Exercise aim: Copy, word for word, the lines of the listing below from the line with "Desde Granada a Zelanda" up to and including the line with "Missoni Sport Vintage". Drop the pictures.

Data shown:
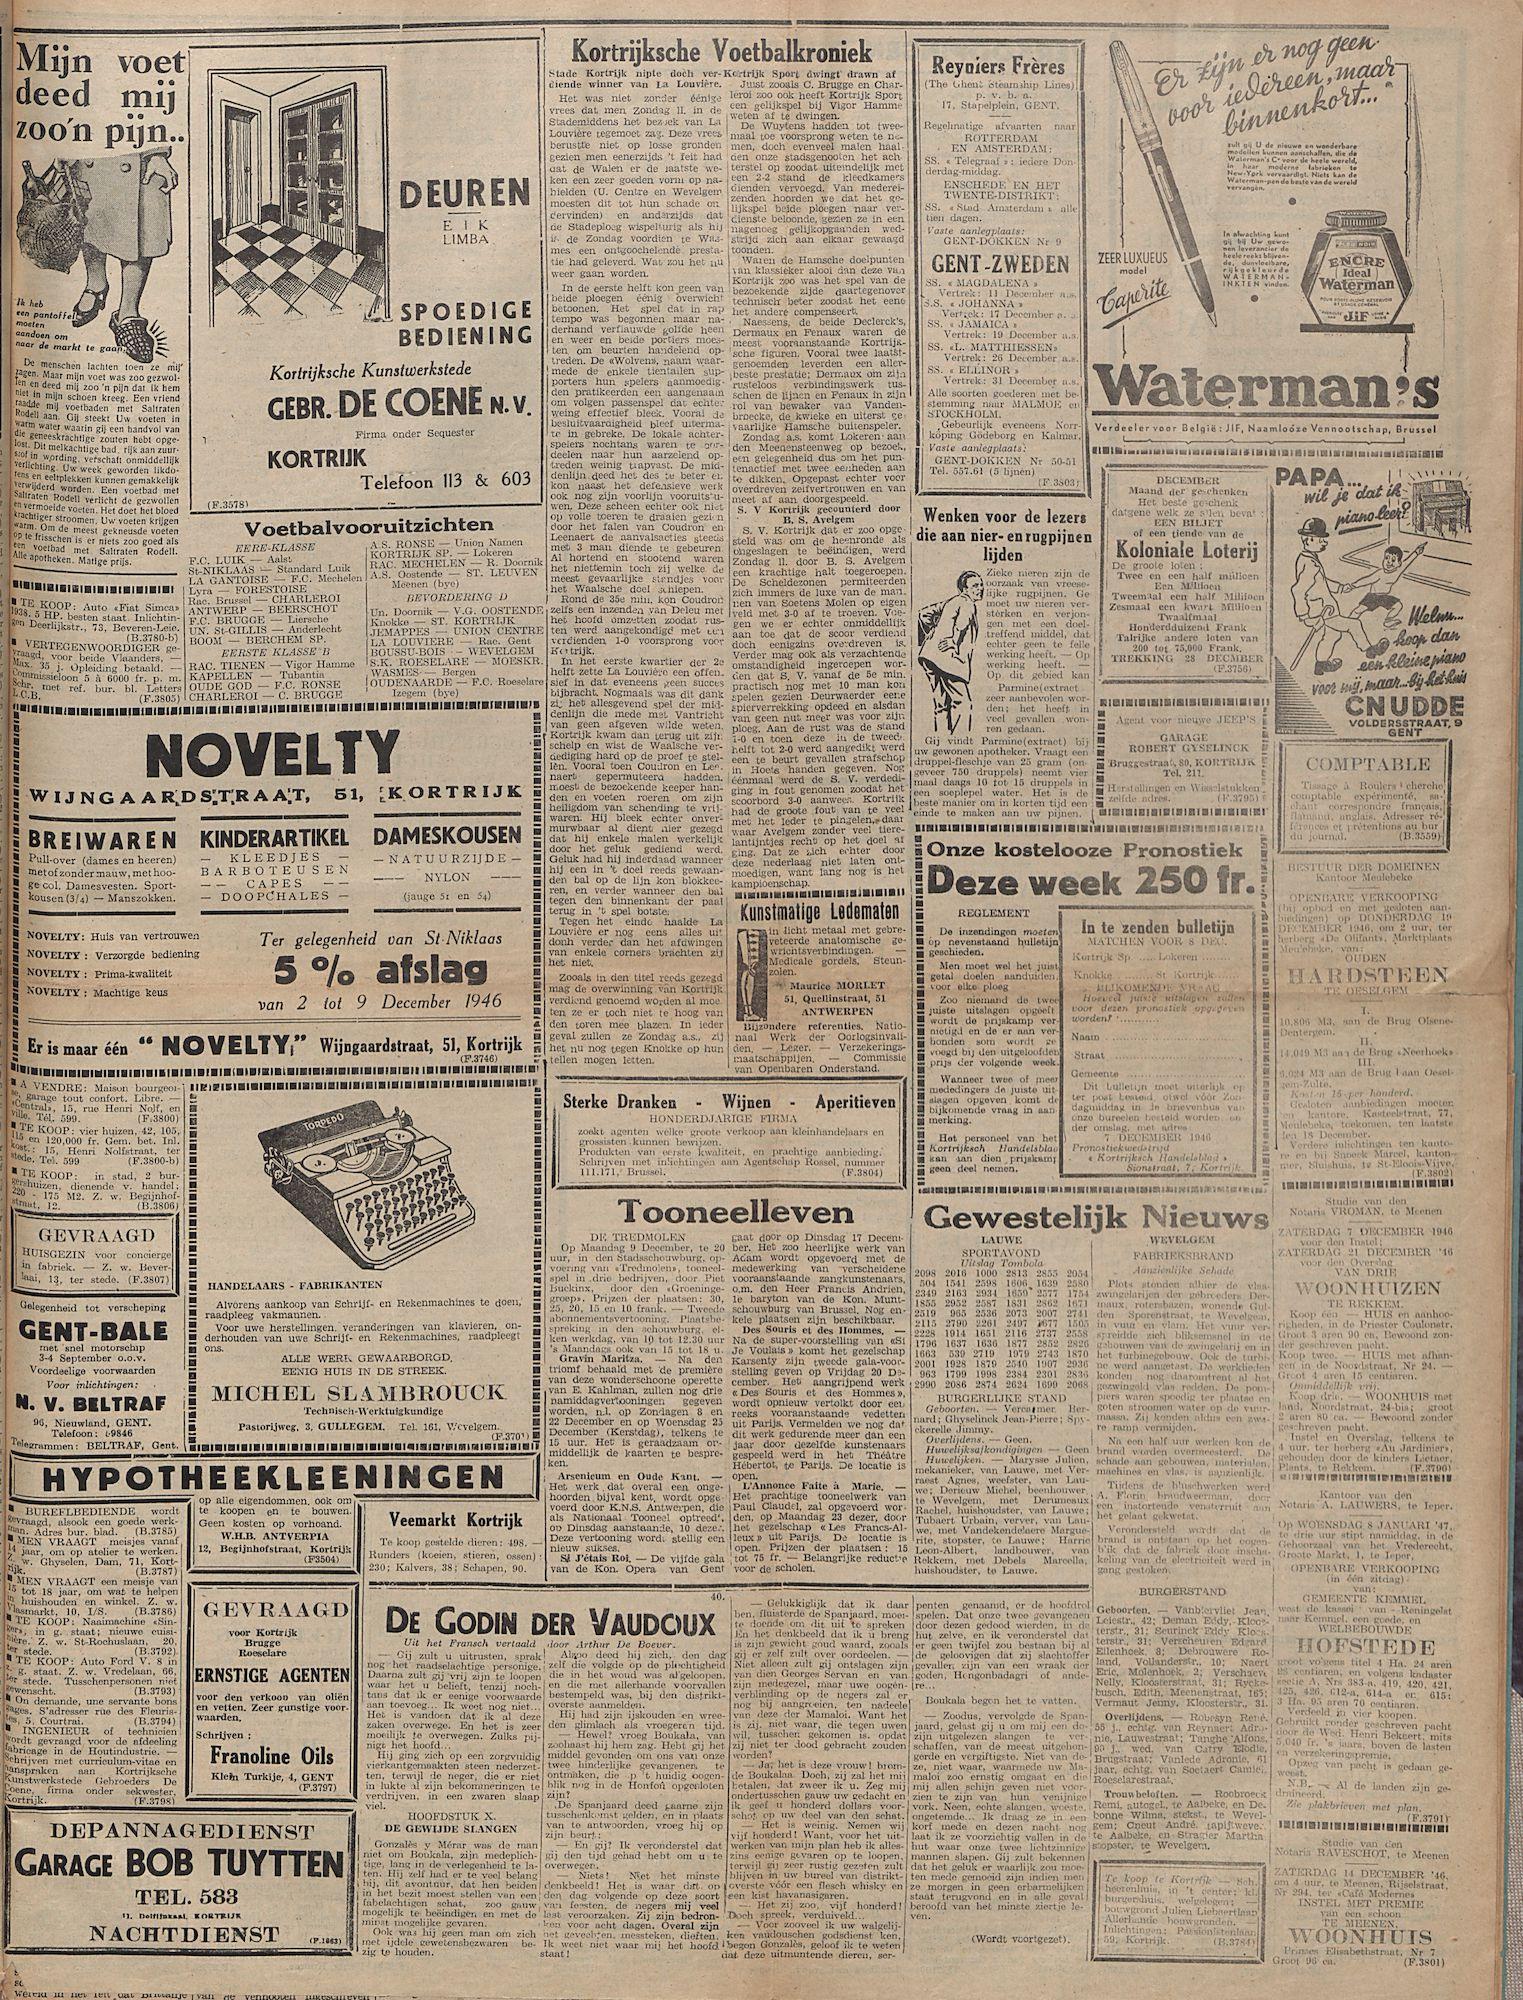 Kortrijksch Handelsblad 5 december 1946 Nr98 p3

...

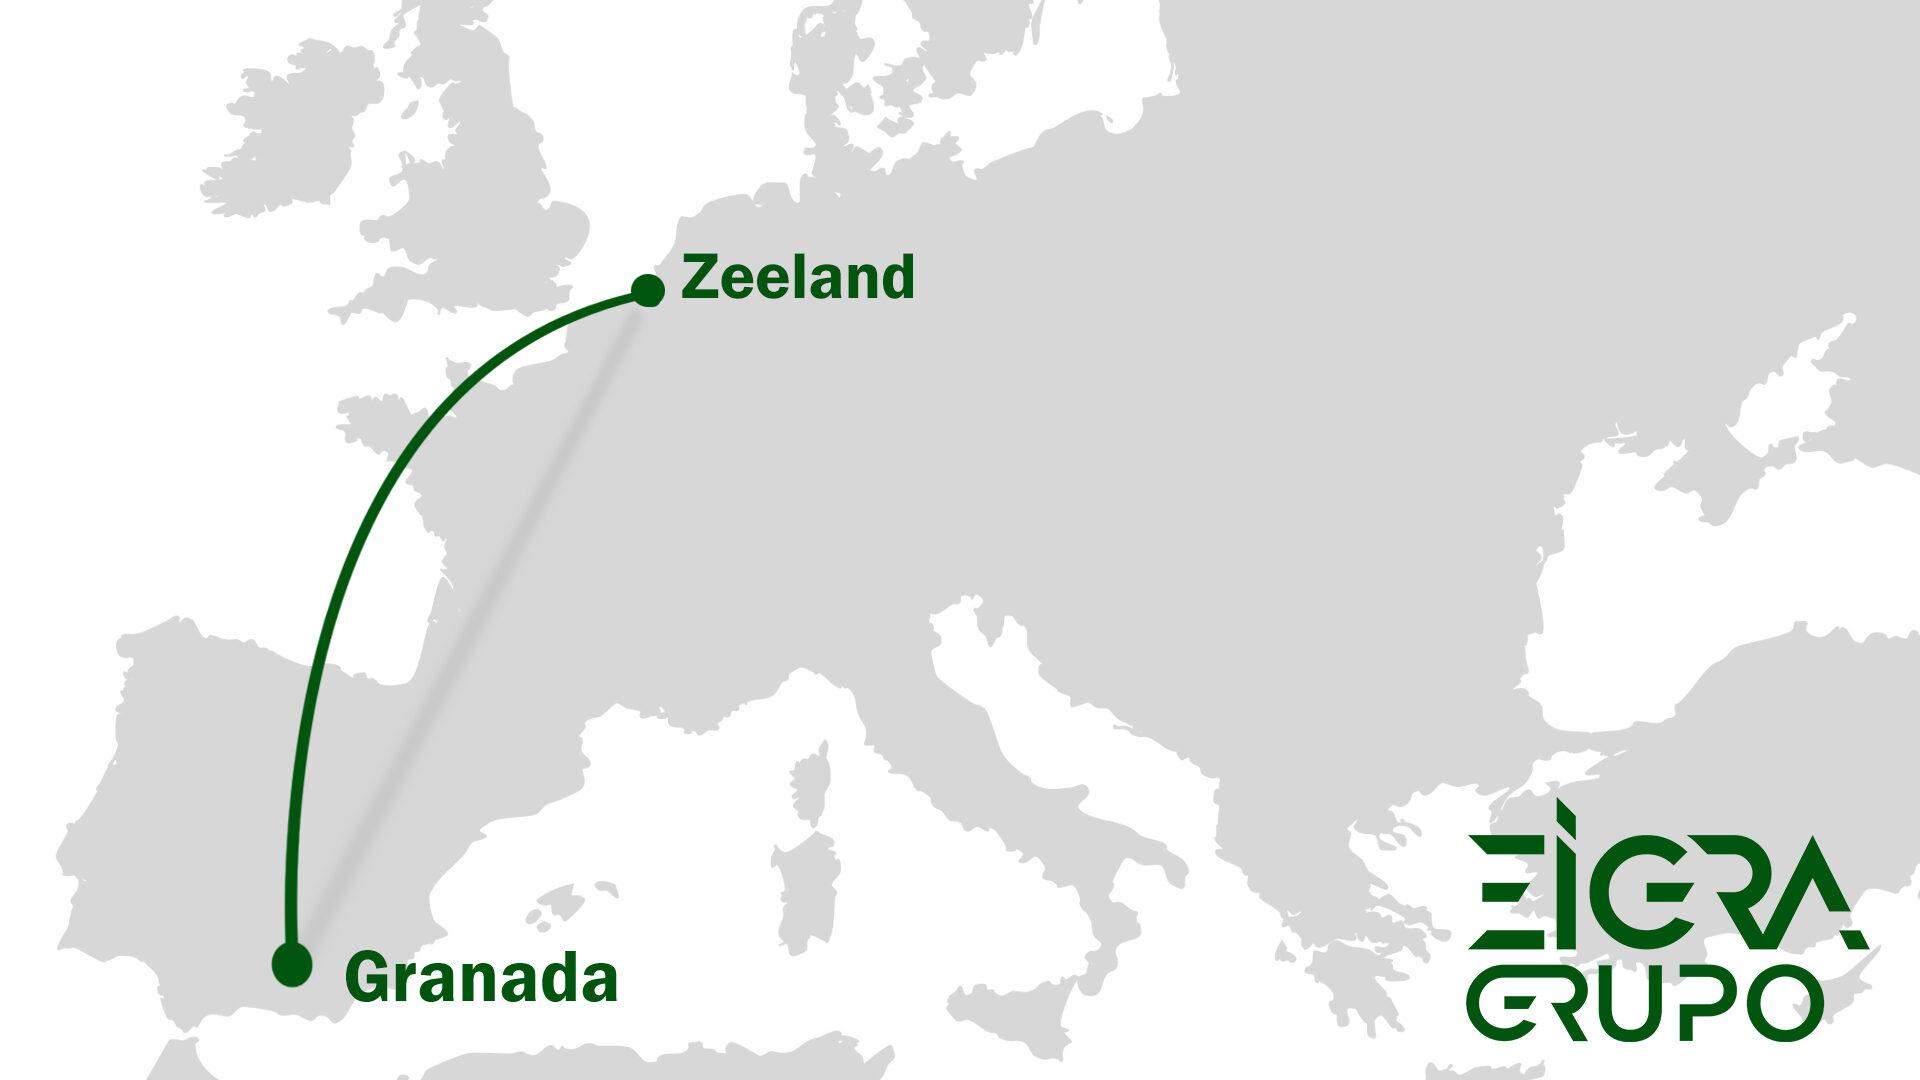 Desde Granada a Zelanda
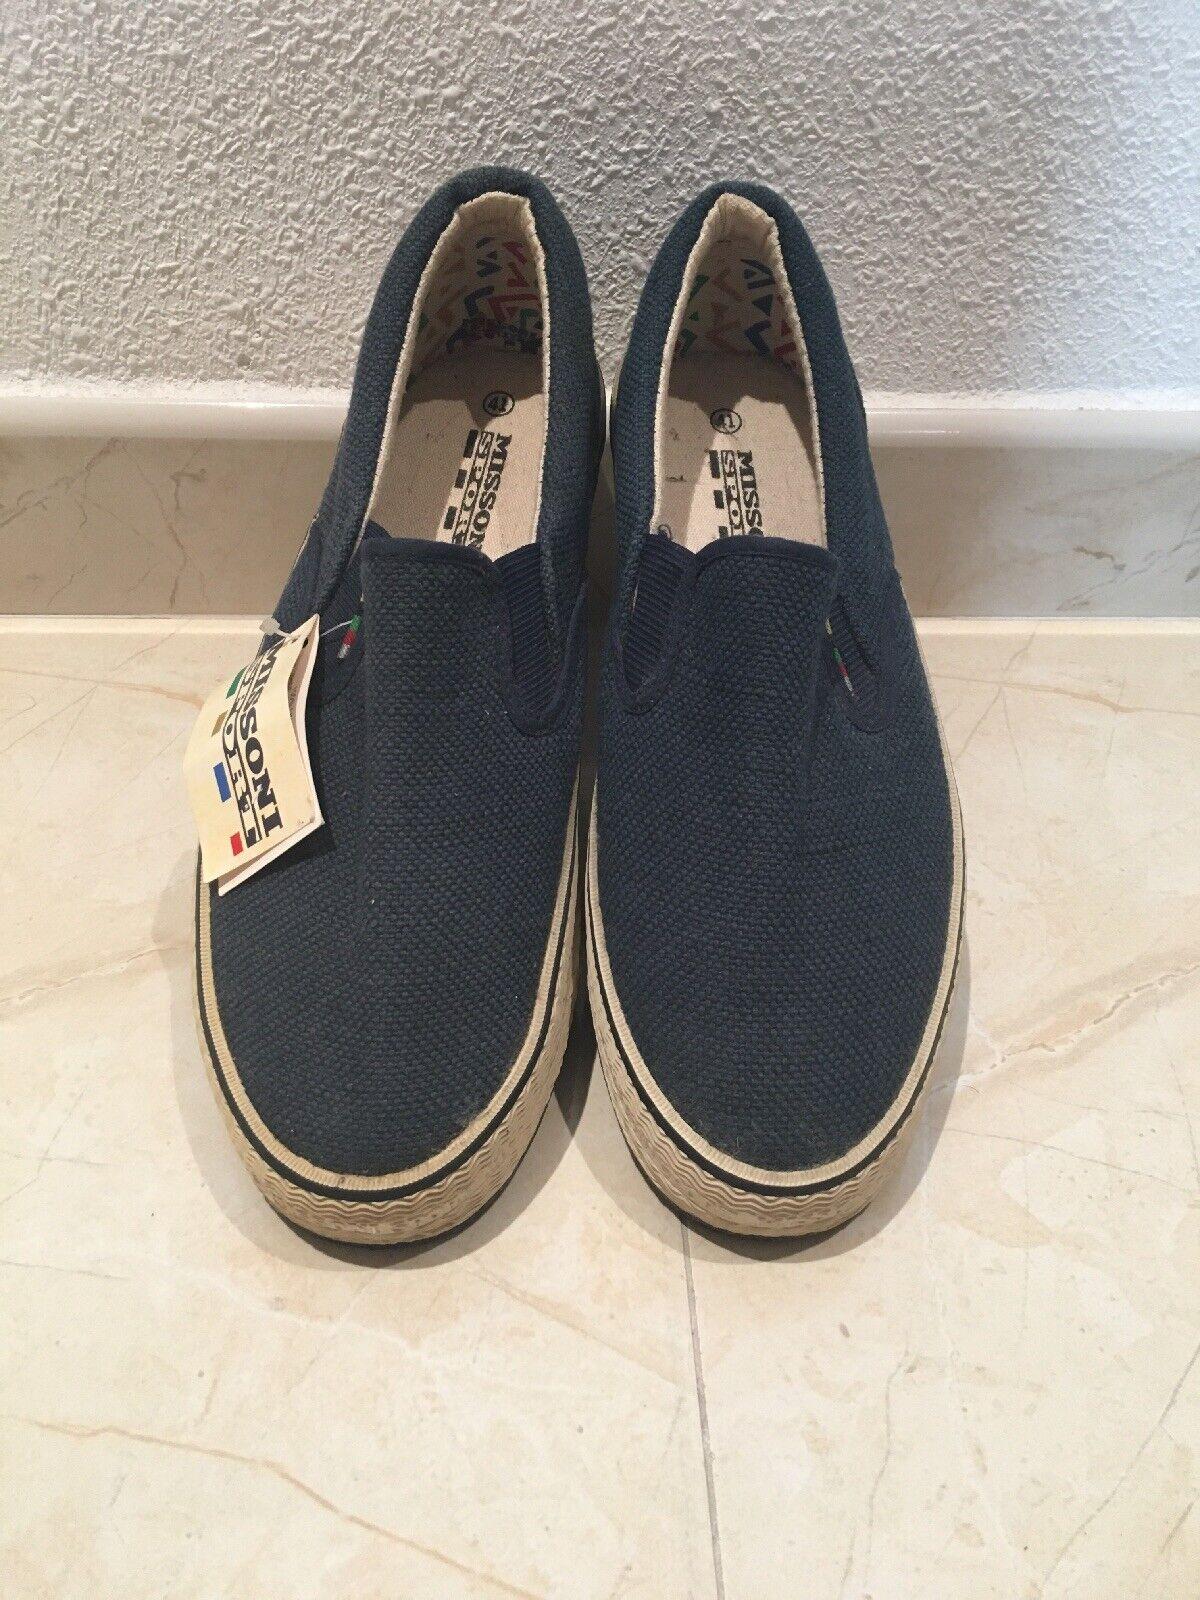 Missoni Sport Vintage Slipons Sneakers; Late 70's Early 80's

Written answer:
 Desde Granada a Zelanda
 Missoni Sport Vintage Slipons Sneakers; Late 70's Early 80's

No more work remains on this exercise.